А вскоре руки и ноги уже и не жгло, почти не чувствовал их: одеревенели совсем. Боль, сперва терзавшая только их, а потом и все тело, затупела, и теперь уже ощущалась как бы только одна голова: она раскалывалась, и нестерпимо гвоздило и жгло мозг. Вот-вот сожжет его, до того еще, как необоримый водный поток настигнет и поглотит всего его самого.

Знакомые, привычные картины, лица близких да и не близких людей, то и дело выплывавшие перед ним поначалу, возникали теперь все реже и реже, а возникнув, странно ломались, растворялись, уходили в туман. Вскоре они исчезли совсем. Исчез, казалось, растворился в страданиях и муках в узком пространстве трубы и весь он сам, Кузьмич. Только гуд какой-то, один только он, сплошной, знойный, сжигающий, оставался, казалось, в том месте, где он проползал, да тянулся за ним по ржавому железному днищу трубы кровавый нескончаемый след. И еще было смутное ощущение того, что где-то когда-то так было уже - в некой прежней, столь же нескладной и истерзанной жизни. Так же куда-то ненужно бессмысленно полз и ни в сторону не свернуть, ни назад, только туда, куда тебя кто-то настойчиво и упорно подталкивал. А потом он уже и на самом деле не помнил, к чему и зачем торопился, и лишь ощущал, что должен куда-то ползти и что в любую минуту что-то обрушится на него и покончит разом со всем. И, утонув в этих зыбких, неясных ощущениях и виденьях, Поспелкин вдруг сумел уловить, как что-то забарабанило по трубе. Сначала этот новый звук только негромко прошелестел в его воспаленном мозгу, потом зашумел отчетливей, где-то вроде бы рядом, поблизости. И только когда Кузьмич осознал, что это что-то бьет по трубе вне ее, наверху, этот будто знакомый, не раз уже прежде слышанный звук окончательно привел его в чувство. И вдруг дошло до него: да это же стучат, господи, по трубе стучат, ищут его!

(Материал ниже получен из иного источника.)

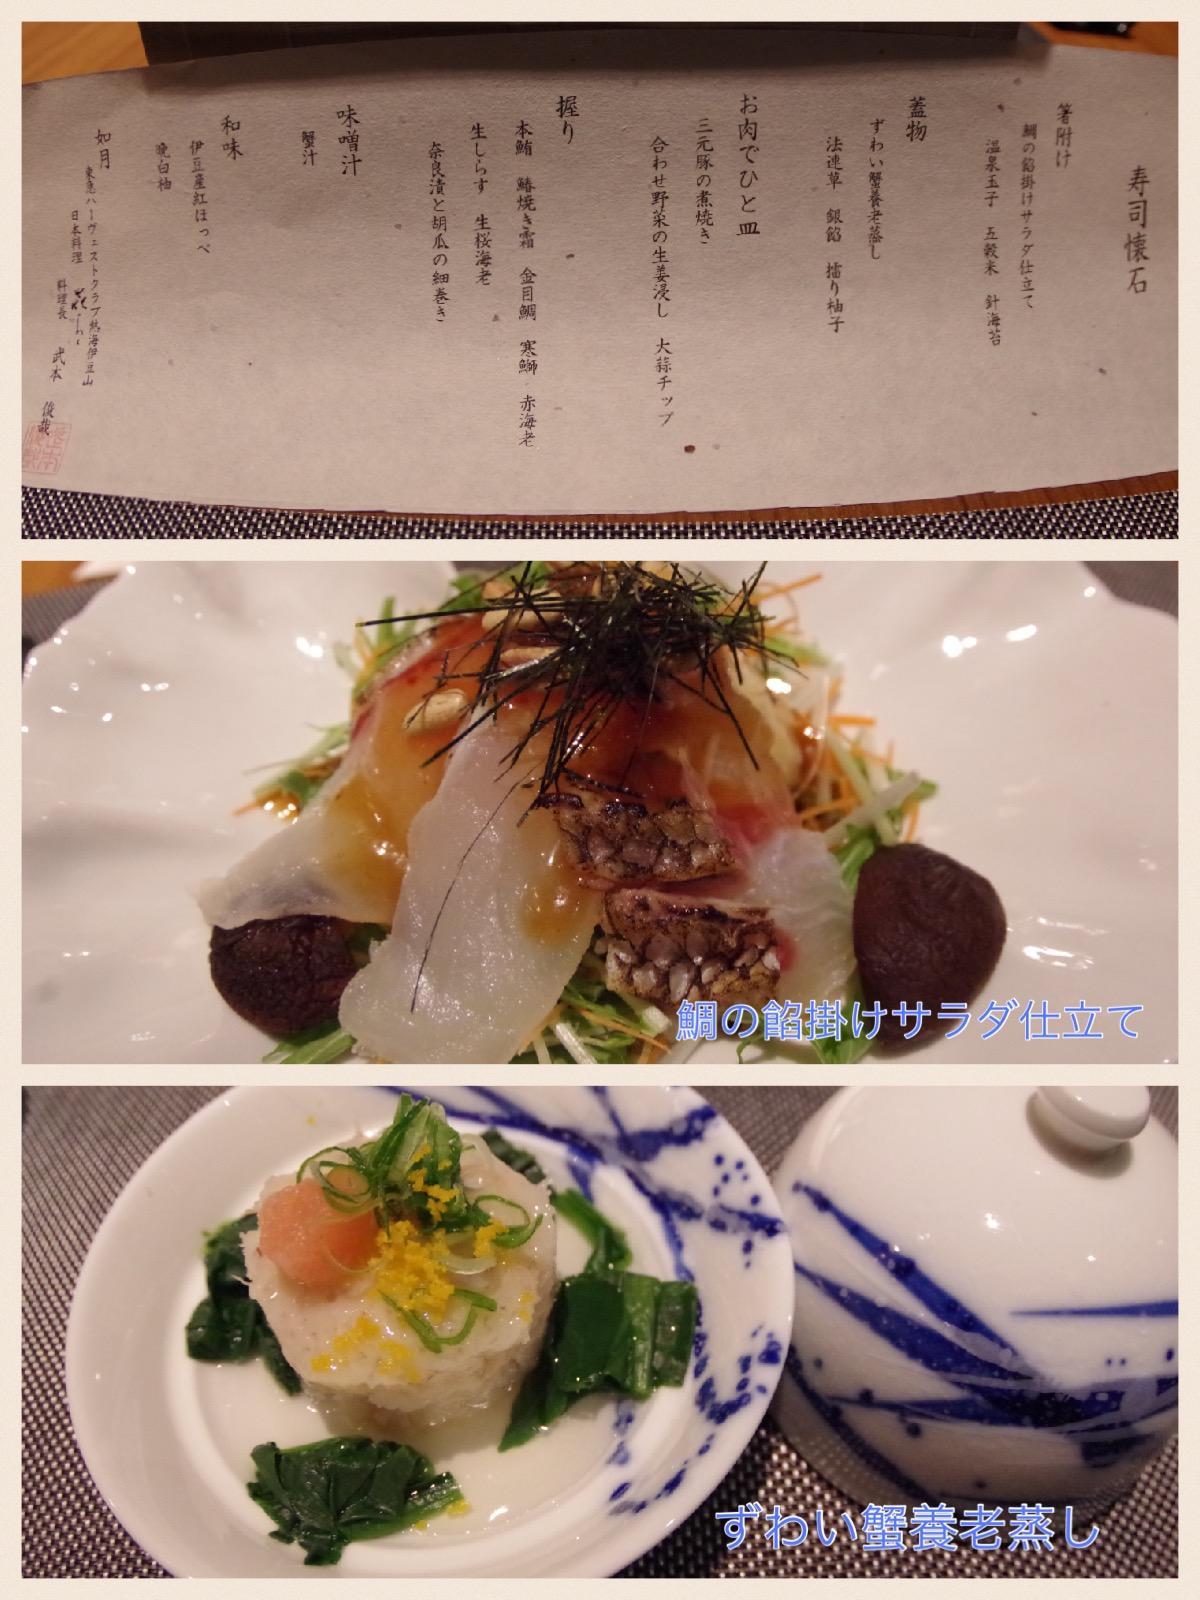 東急ハーベストクラブ熱海伊豆山レストラン

- Здесь, здесь я! Зде-е-есь!- завопил он очумело, восторженно - откуда и силы, голос взялись.- Зде-е-есь!- Сжал невольно кулак, с размаху ударил им по железу и вскрикнул от страшной режущей боли. Что-то жидкое, клейкое брызнуло - и на лицо, и в глаза. Обтер их рукавом. Корчась, зубы сжимая от боли, полез суматошно в карман. Застревая, путаясь в нем, стал искать лихорадочно ключ. Вырвал его и, стуча неистово им, все хрипел:- Я, я это! Я!

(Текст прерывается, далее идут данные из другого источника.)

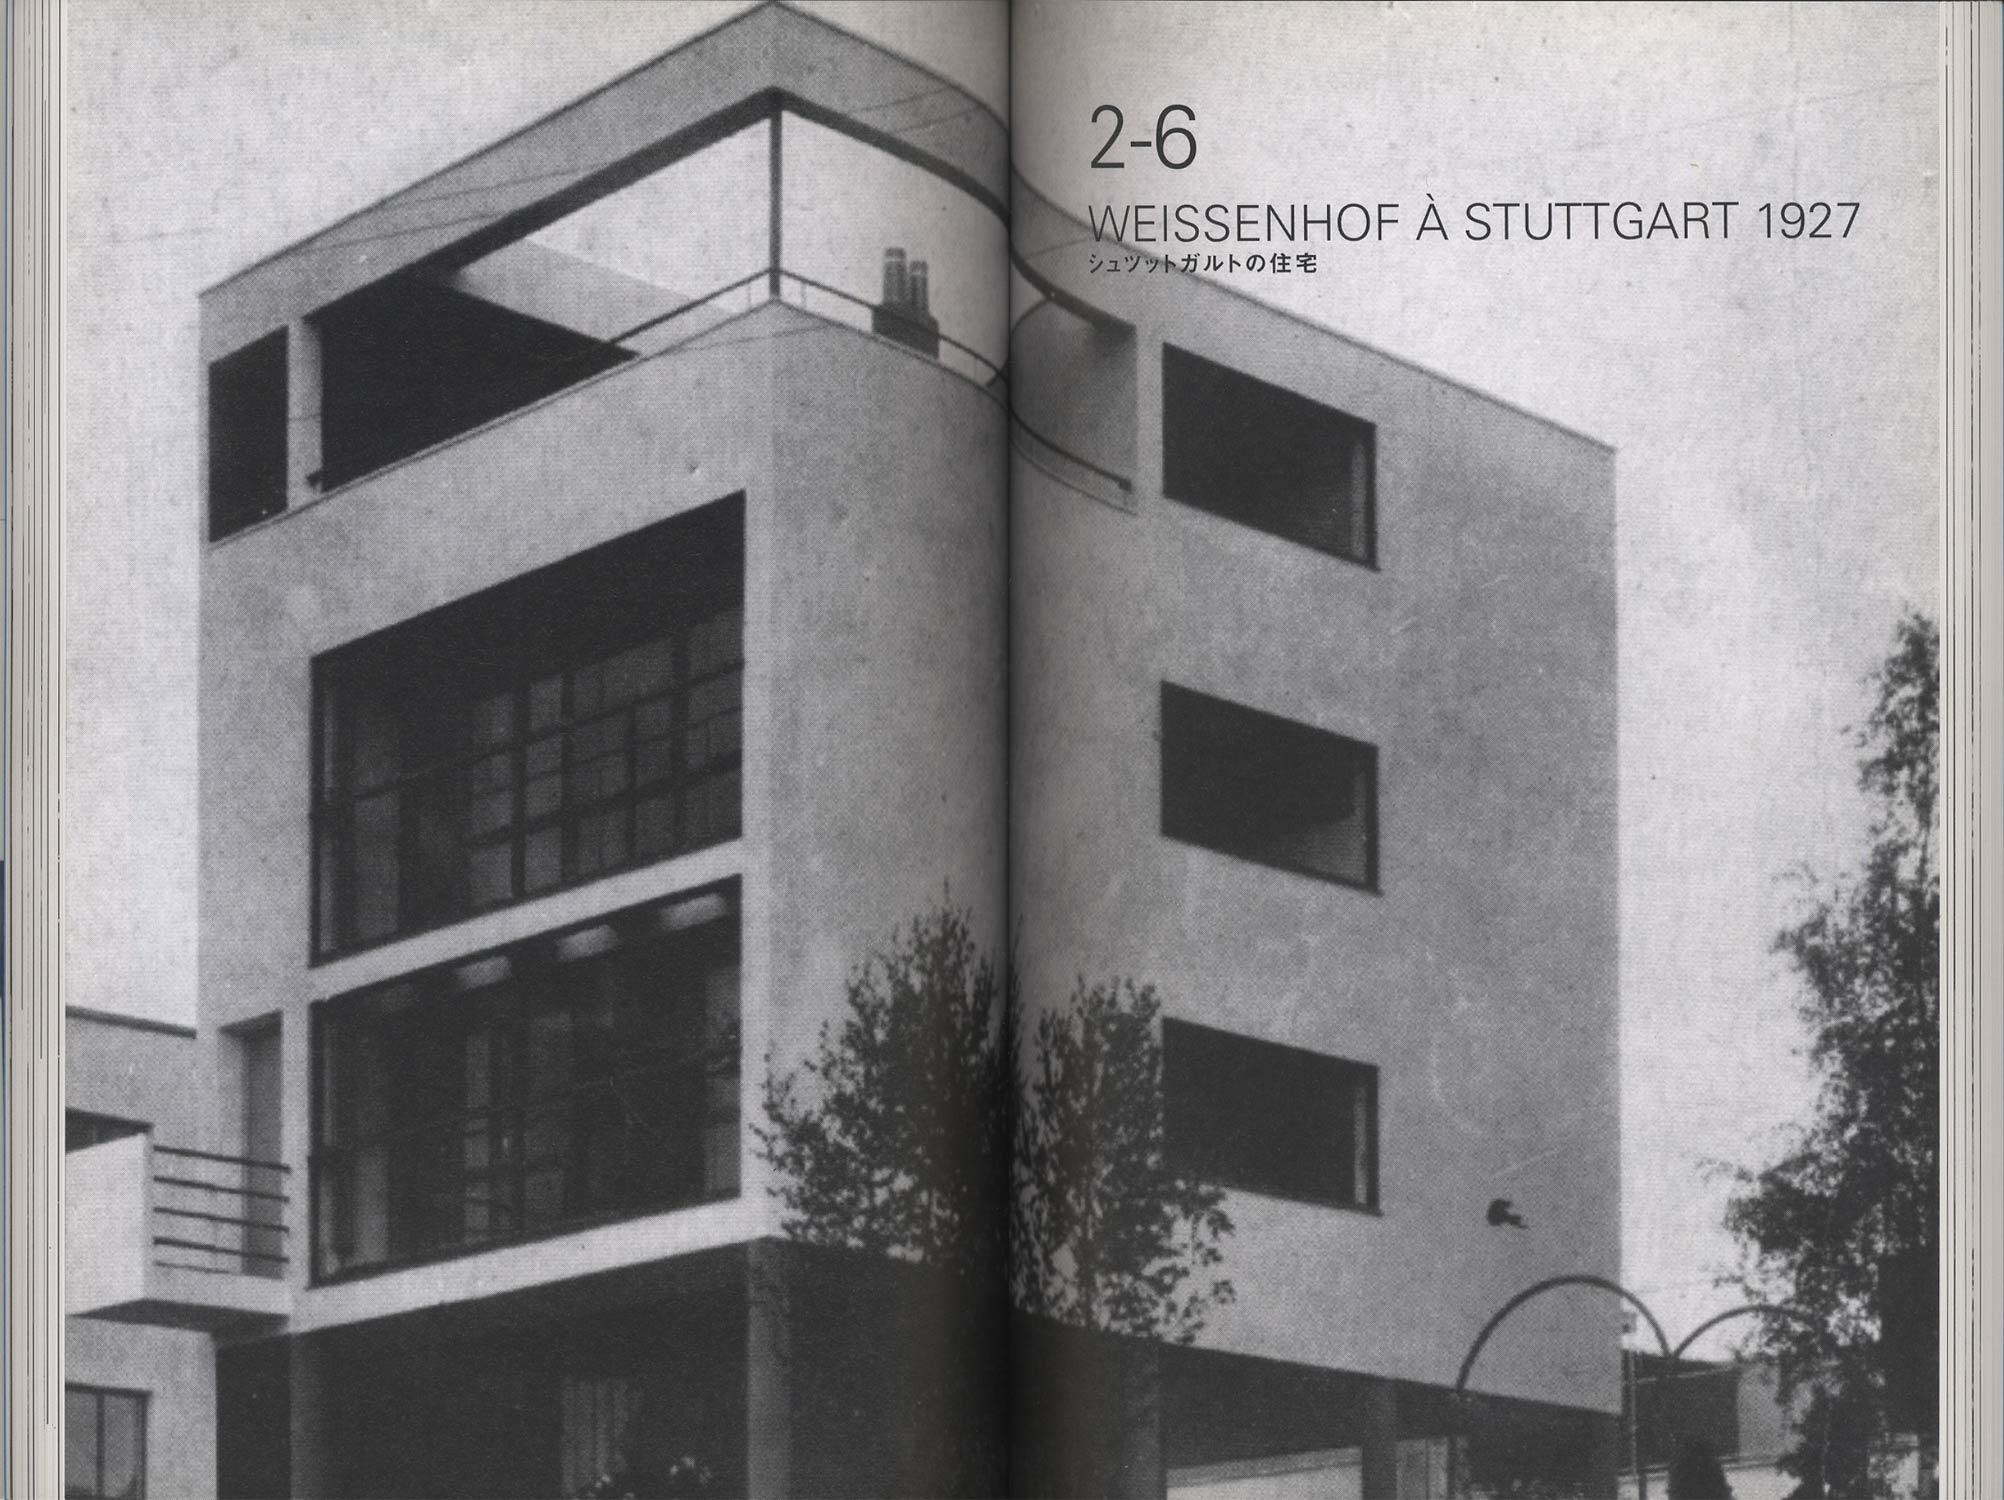 ル・コルビュジエ 建築の詩 12の住宅の空間構成[image2]

Но люди там, на свободе, не слышали и, казалось, сами стуча все настойчивей и сильней, заглушали его.

- Да не стучите! Тише, тише, не тарабаньте! - взмолился Кузьмич.- Здесь я, здесь!

Но никто, видать, не услышал. Шум продолжал нарастать. "Ой!.. Да это же,- наконец осенило его.- Постой, постой... Это же дождь... Или град... А не люди вовсе. Нет, никто не ищет меня".

После всплеска надежды открытие это совсем подкосило Кузьмича - он снова забылся, ослаб, неподвижно упал на дно водовода ничком. А когда пришел на минуту в себя, ему почудилось, что он уже не в трубе, а идет, как всегда, поутру на работу, по тропинке, бором идет, и в лицо кропит ему росою подлесок, ударяет в грудь свежая, прохладная сырость утра, пронизывает до самых костей жирный рассветный туман. Поспелкин тряхнул головой - наваждение не исчезало. Вода, вода... Кругом вода. Увидел как бы сверху, из самолета, чуть ли не из космоса черную гибкую нить водовода - бегущую там, внизу, меж гор, полей и лесов. Крутые смоленые бока его стегали, омывали хлесткие живые струи дождя.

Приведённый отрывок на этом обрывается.